What is Unicode?

SMS defines a 160-character limit on the length of a single text message — but what’s a character? Here’s a simplified explanation; we’re not going too deep into the details, because they involve finer points than most people need to know, but a few Google searches can lead you down some interesting rabbit holes.

There are two common ways of sending alphabetic characters over SMS. The GSM-7 character encoding standard was developed by GSM Corp. in the 1980s for messaging with pagers and later adopted for SMS. It defines the most commonly used letters and symbols in English and many Western European languages in seven bits each for usage on GSM networks. GSM-7 supports 127 or 128 characters. The original standard called for 128 8-bit octets, or bytes. It was lengthened to 140 bytes, which supports 160 7-bit GSM-7 characters.

Of course 128 characters aren’t enough to represent all of the characters in use in language around the world. To do that, a working group called Unicode created the Universal Coded Character Set (UCS-2), a standard developed in 1987 that defines characters in two 8-bit bytes. That’s 216, which works out to 65,536 characters. UCS-2 was adopted as part of the ISO/IEC 10646 standard in 1990, and was informally called Unicode.

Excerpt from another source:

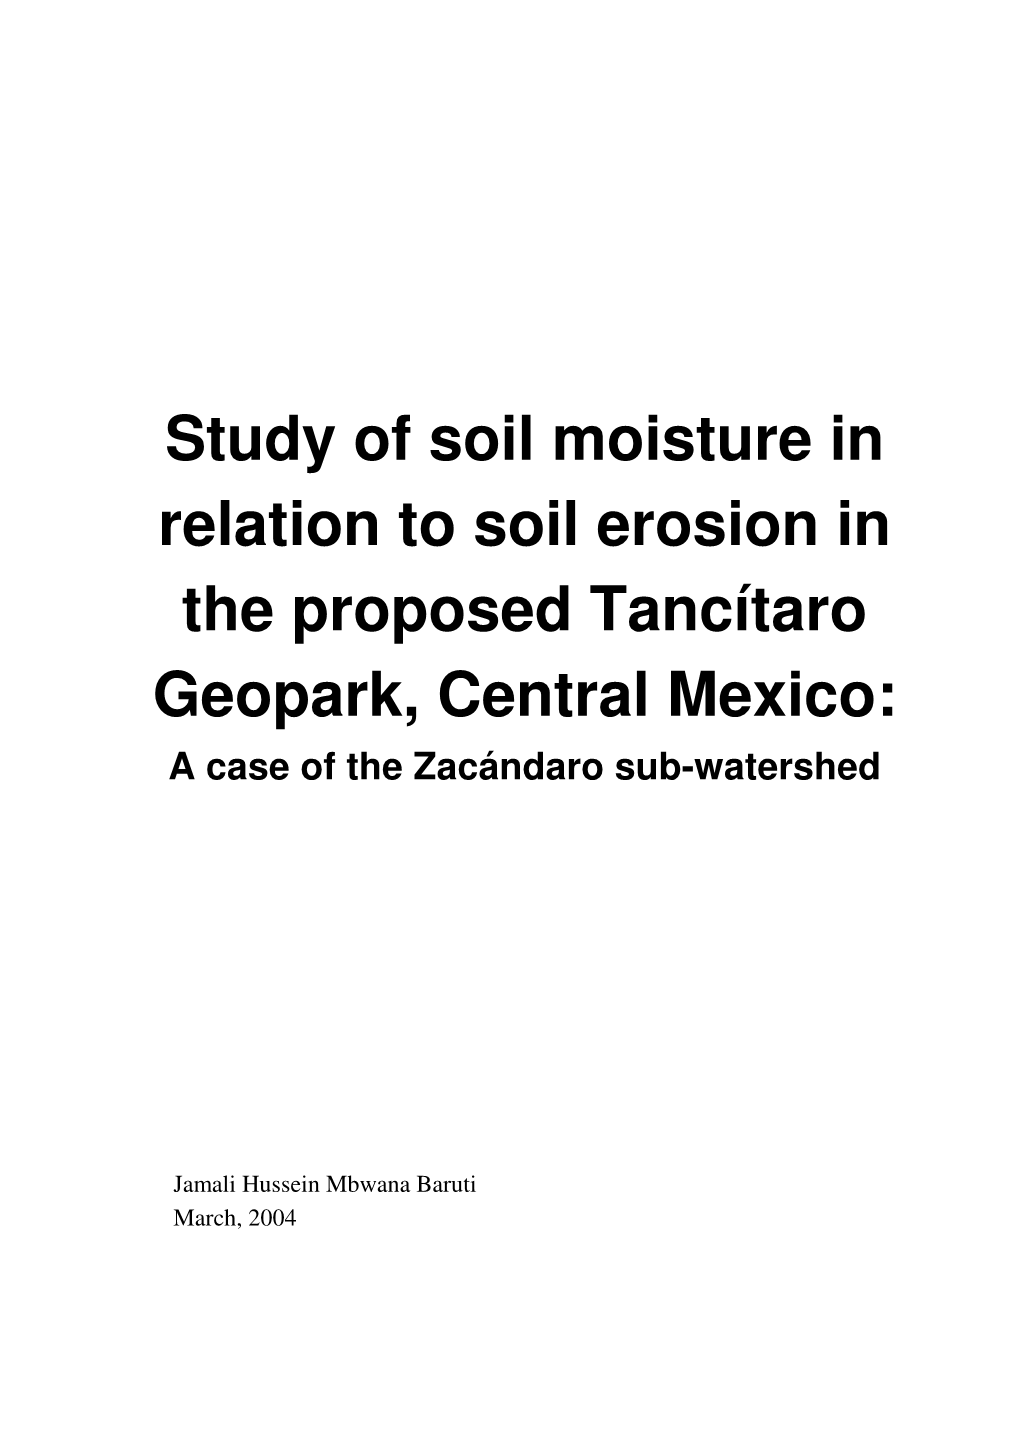 Study of Soil Moisture in Relation to Soil Erosion in the Proposed Tancítaro Geopark, Central Mexico: a Case of the Zacándaro Sub-Watershed

UCS-2 offered more characters than GSM-7, but it was just a stopgap. In 1991 the Unicode working group that developed UCS-2 founded Unicode, Inc., as a nonprofit organization whose mission was to “enable people around the world to use computers in any language, by providing freely-available specifications and data to form the foundation for software internationalization.” The consortium issued a better encoding standard, UTF-8, in 1993. (UTF stands for Unicode Transformation Format.) UCS-2 is now obsolete as an independent standard, and UTF-8 has become the most common encoding standard for characters on electronic devices. 

Unicode assigns a unique code — a code point — to each character. Code points are represented by a U followed by a unique string that represents a hexadecimal number. For example, U+0041 is the code point for “A.”

UTF-8 is efficient in the use of bits. it uses variable length encoding, which means if a character can be represented with a single byte, that’s all the space UTF-8 will use. If a character needs two or more bytes, UTF-8 will use as much as is necessary. 

UTF-8 was followed by UTF-16 in 1996. The current Unicode standard defines a possible 1,114,112 code points,grouped into 17 planes. UCS-2 occupies what’s formally called the basic multilingual plane, so it lives on.

We’re not going to dive any deeper into the technology and history of Unicode, other than to say version 15.0, the current version as of September 2022, defines 149,186 characters, including not only the characters for every language represented electronically but also a wide assortment of emoji. Every new version adds more emoji.

But let’s bring our characters back into text messaging. In the early 1990s, the telecom industry was developing Short Messaging Service (SMS). At the time, UCS-2 was the best alternative to GSM-7, so it was incorporated into SMS standards — and there it remains today. 

Why do you need to care about any of this technical underpinning? In a word, cost. UCS-2 characters take 16 bits to encode characters instead of the seven bits used by the GSM character set, so when a message includes any UCS-2 character, it can have a maximum of 70 characters. Just as with GSM characters, you can send messages longer than the limit, but SMS has to chop them into multiple segments, send them separately, and concatenate them back together at the receiving end. The more messages you send, the more costs you incur.